A £37 billion taxpayer lifeline was thrown to three of the UK's biggest banks in a bid to end the sector's turmoil.

The government will take "significant" stakes in Royal Bank of Scotland, Lloyds TSB and Britain's biggest mortgage lender, Halifax Bank of Scotland, under the historic plan.

But the investment will come with strings attached, including curbs on management bonuses and a pledge to ensure the availability and supply of lending to small businesses and homeowners.

Under the plan, £5 billion will be injected into Royal Bank of Scotland by the Treasury, with a £15 billion share issue by the bank also guaranteed by the Government.

Lloyds TSB and its proposed new partner HBOS will receive up to £17 billion of emergency funding, while the price Lloyds TSB is paying for its rival is also being lowered.

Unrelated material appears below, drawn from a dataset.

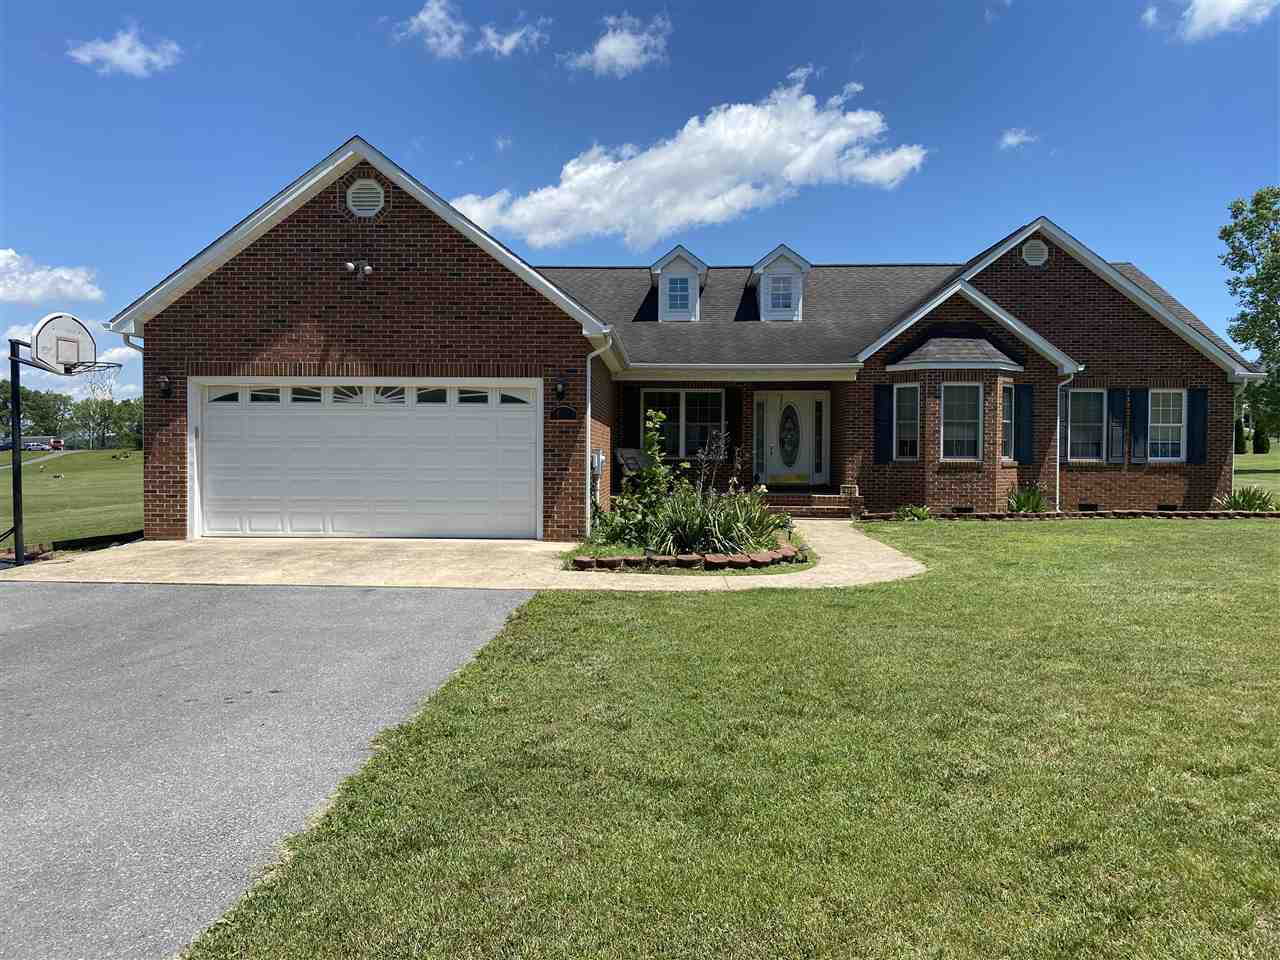 1707 MARKSVILLE RD, STANLEY, VA 22851

The bail-out move restored some confidence in London shares with the FTSE 100 Index closing more than 8% higher.

The deal has claimed the UK's first major scalps of the banking crisis with the chairmen and chief executives of RBS and HBOS standing down.

Prime Minister Gordon Brown said the bail-out was "unprecedented but essential for all of us".

But Conservative leader David Cameron said the package was "painful and expensive" and represented "the day that the bills came in for a decade of too much borrowing".

He added: "It's not a day to be triumphant, not a day for celebration."